Civil Rights Tour: Recreation - Seafarers Yacht Club

1950 M Street SE

The Seafarers Yacht Club of Washington, DC, established in 1944, is the oldest African American boat club on the East Coast and represents a step in the long process of equal access to public facilities.

Lewis T. Green, Sr., a gifted wood carver, lover of waterways, and vocational arts teacher in the DC Public Schools, built boats as a hobby. In his search for a place to dock one of his vessels—a 49-foot cruiser named Valeria—Green contacted the US Department of the Interior about leasing a section of the government-owned land along the Anacostia River. The Department of the Interior required that, before such a request could be reviewed, Green would need to establish a club. So, he and several others established the Seafarers Boat Club whose stated mission was to offer African Americans the opportunity to engage in the enjoyment of the waterways through safe boating and “gentlemanly sportsmanship.”

Despite fulfilling its pre-requisite, the Department of the Interior ignored Green’s follow-up request to lease the land.

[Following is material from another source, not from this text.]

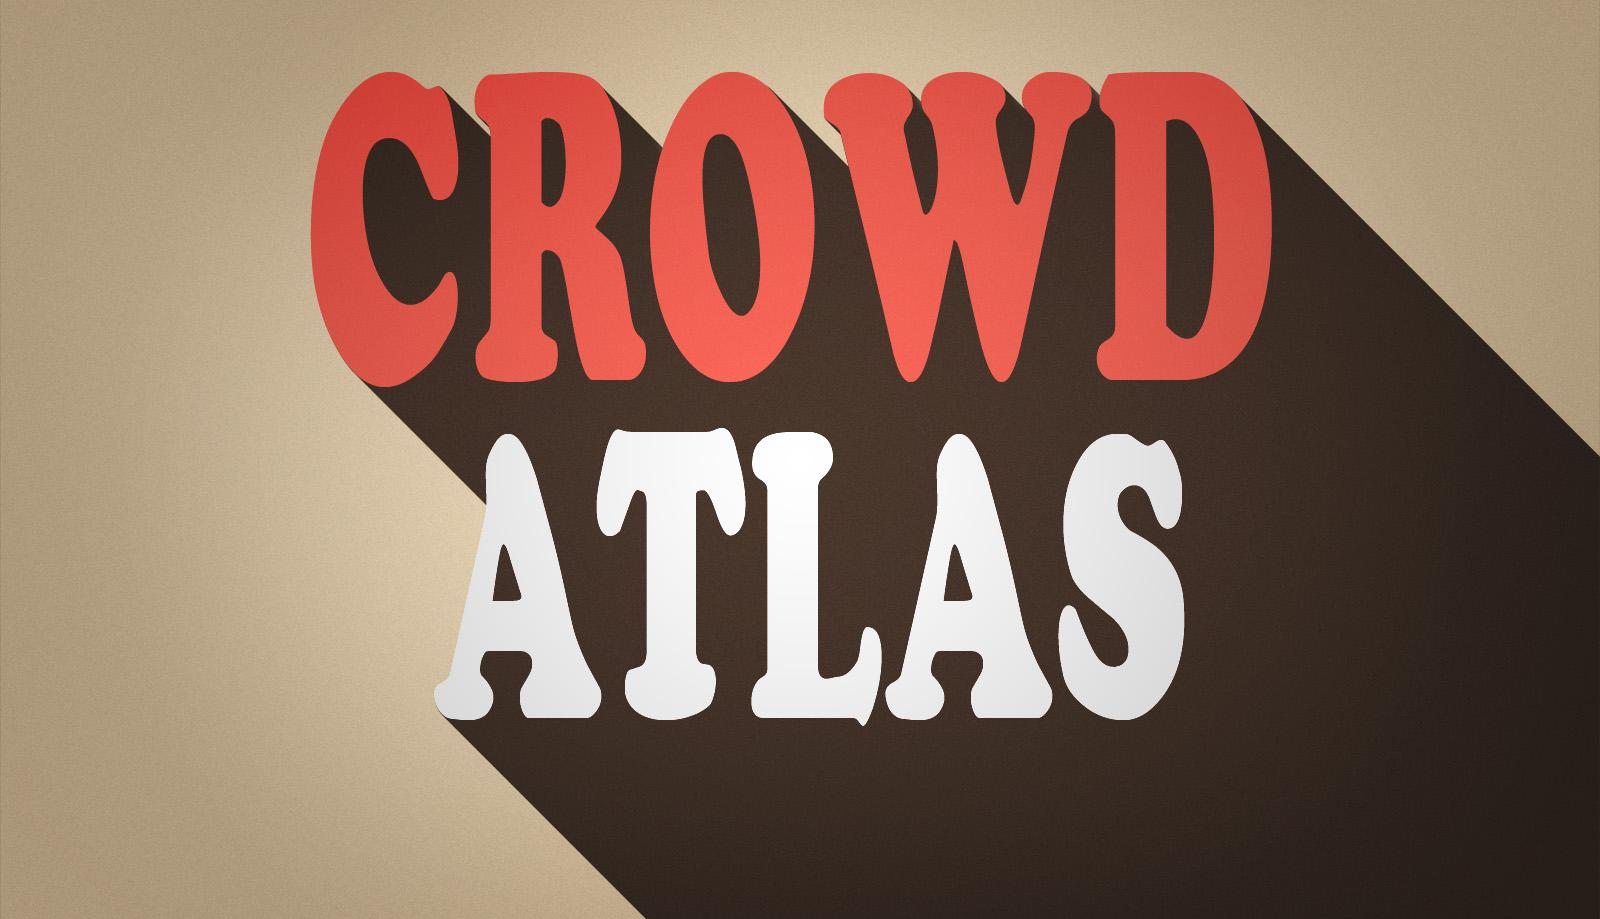 CrowdAtlasV3A

Eventually, Mary McLeod Bethune, an advisor to both President Franklin D. Roosevelt and First Lady Eleanor Roosevelt intervened on his behalf, and the Department rented the club the site on the west bank of the Anacostia, between the Sousa and CXS Railroad bridges.

In 1965, the DC Mariners Club, established in the 1950s and in need of a yard and club house, took over Seafarers, retaining the latter's name. The boat club later changed its name to Seafarers Yacht Club.

The original members of Seafarers improved the marshy land and built docks and a clubhouse. Seafarers also promoted boating safety and engaged in community service projects such as the annual Anacostia River Cleanup Day, which the club initiated in 1985.